Much of what will be considered as European art cinema, in addition to being part of a somewhat vague catch-all grouping, could perfectly justifiably be seen as elitist and complicit in a rather Eurocentric perspective on cinema. Even so, it remains the case that awareness of the body of work seen to fall beneath the umbrella concept employed here is important to anyone who may wish to study film. So, while it does not seek to underplay any negative features of the term, this book, nevertheless, argues for the importance of having an awareness of art cinema made in Europe over the past 100 years or so. Failing to explore the concept of art cinema, and the body of work that has in various senses been seen as art cinema, denies us the opportunity of engaging with some of the most profound insights and challenging questions raised by film texts.
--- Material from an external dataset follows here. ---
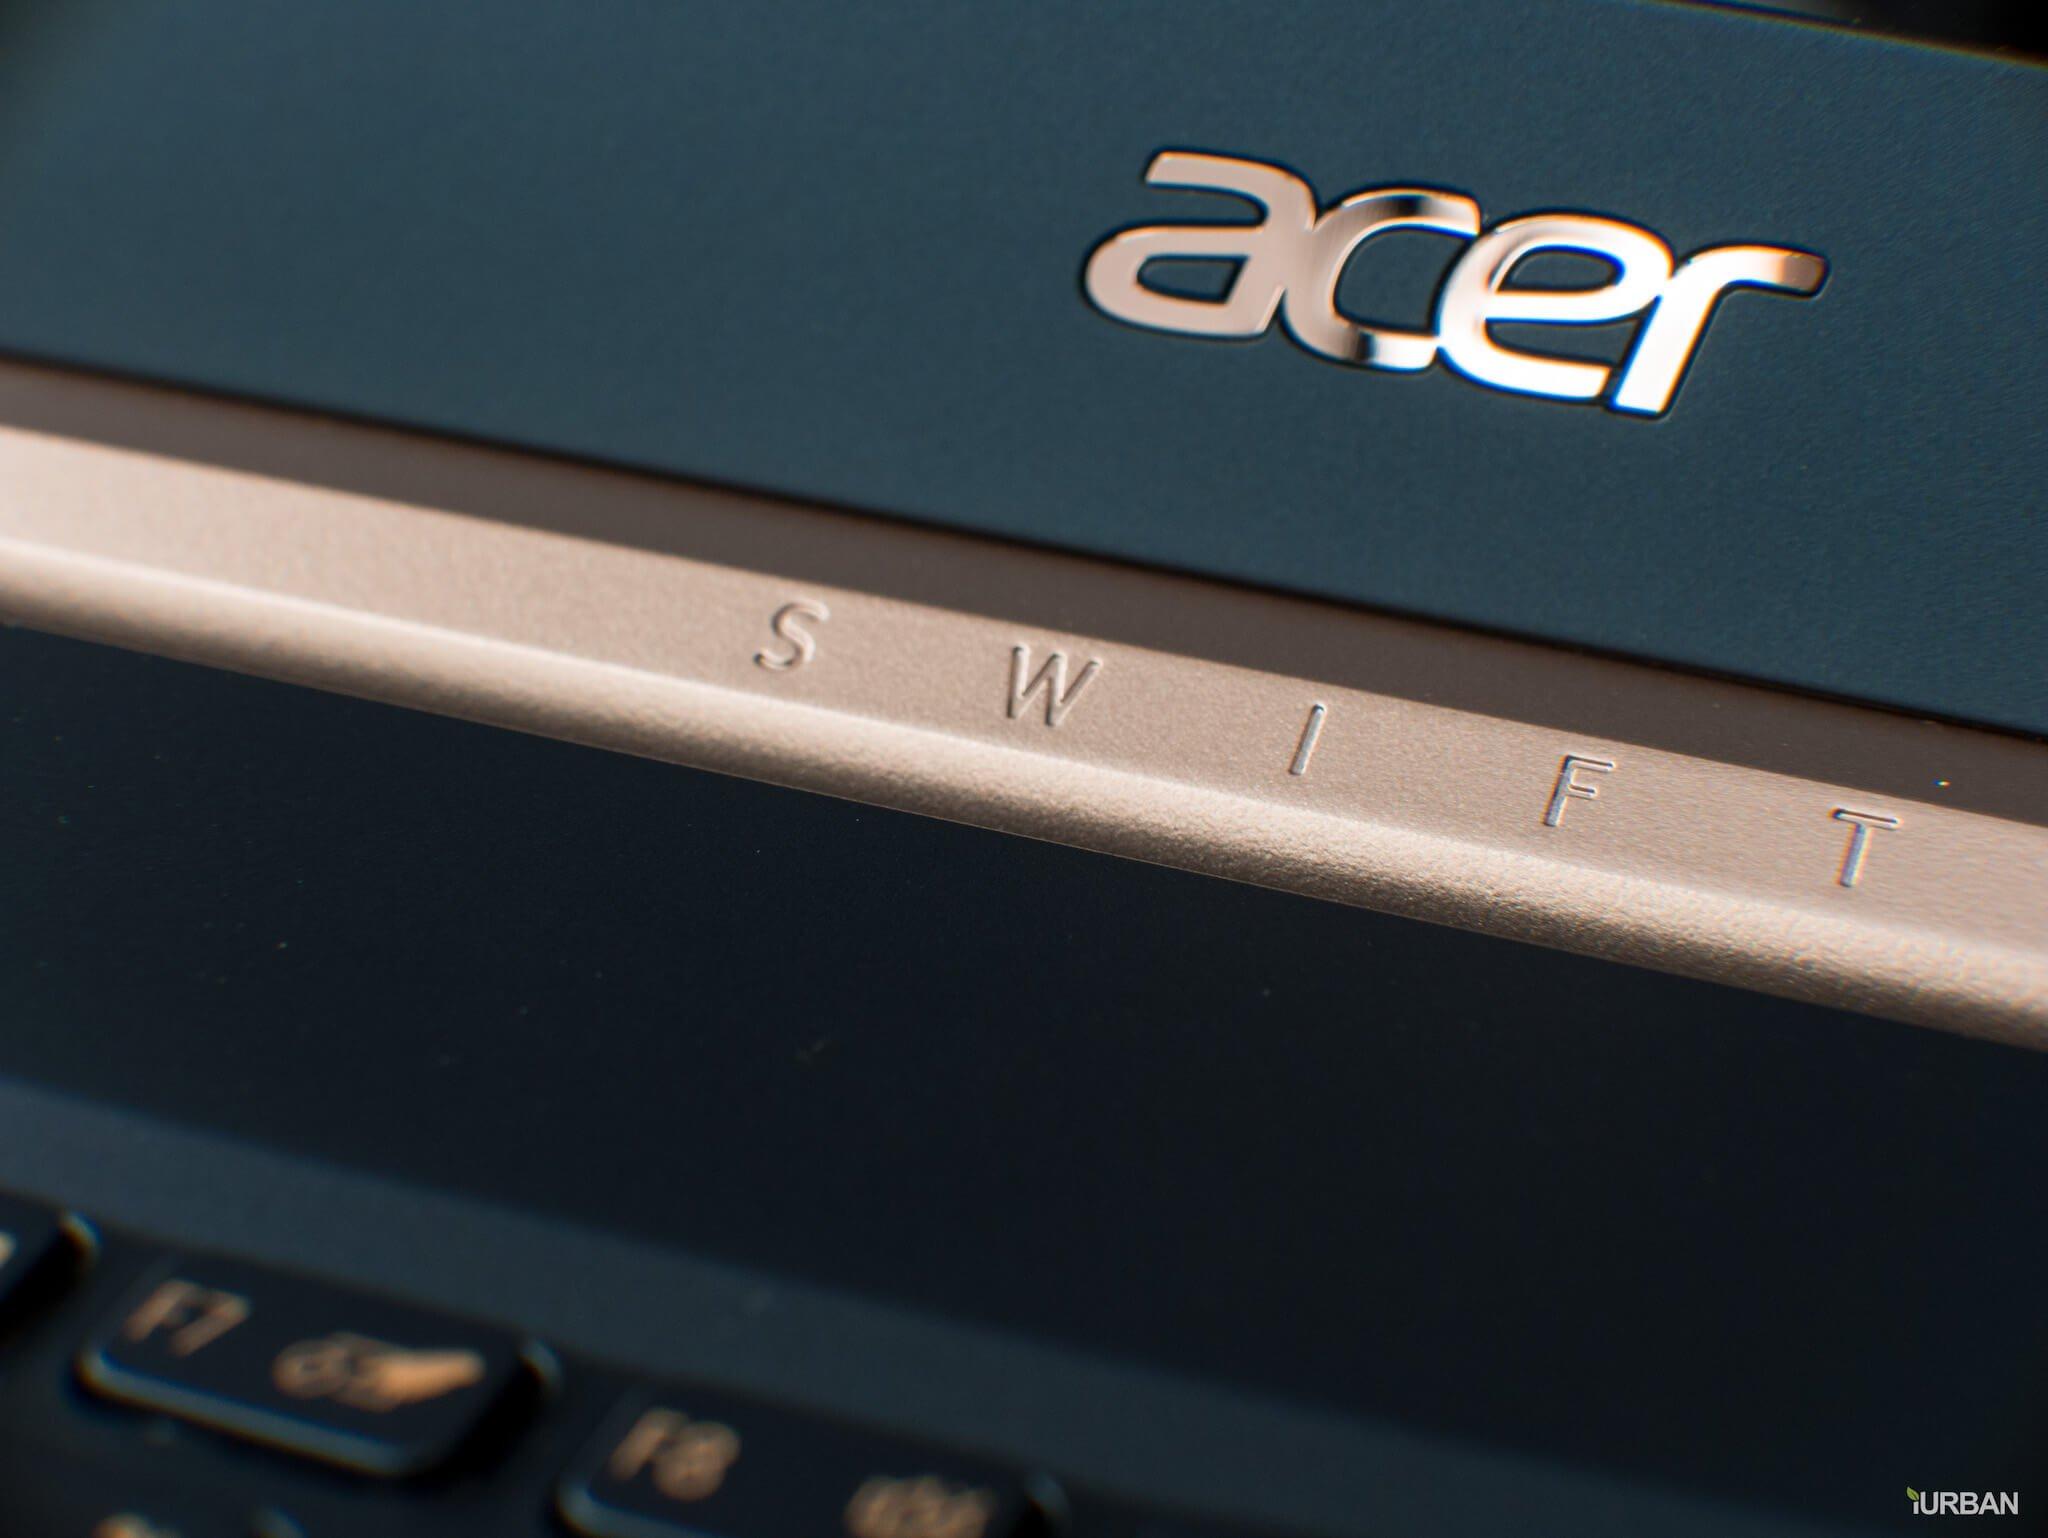 รีวิวโน๊ตบุ๊ค ACER SWIFT 5 เจนใหม่ 2018 แรงแต่เบาเว่อร์ Intel Core i7 หนักแค่ 0.97Kg 35 - Acer

Following Bordwells approach to art cinema of the 1970s, given above, Janet Staiger has argued that both independent cinema and mainstream Hollywood have:
a definite historical existence
a set of conventions
implicit viewing procedures.
(2013, 22)
This book will consider the films under discussion here in relation to this same tripartite perspective. Staiger, we should note, is not under any illusion that some simple ideological split exists between the two forms of cinema she is discussing. Both independent films and Hollywood movies, she says:
exude fairly conservative ideologies as well as occasionally progressive ones. An alternative film practice, as with art cinema, does not guarantee better representation of women, or minorities, or social justice. In fact, often indie films reinforce sexism and racism, and revel in elitist viewing practices for the initiated cinephile.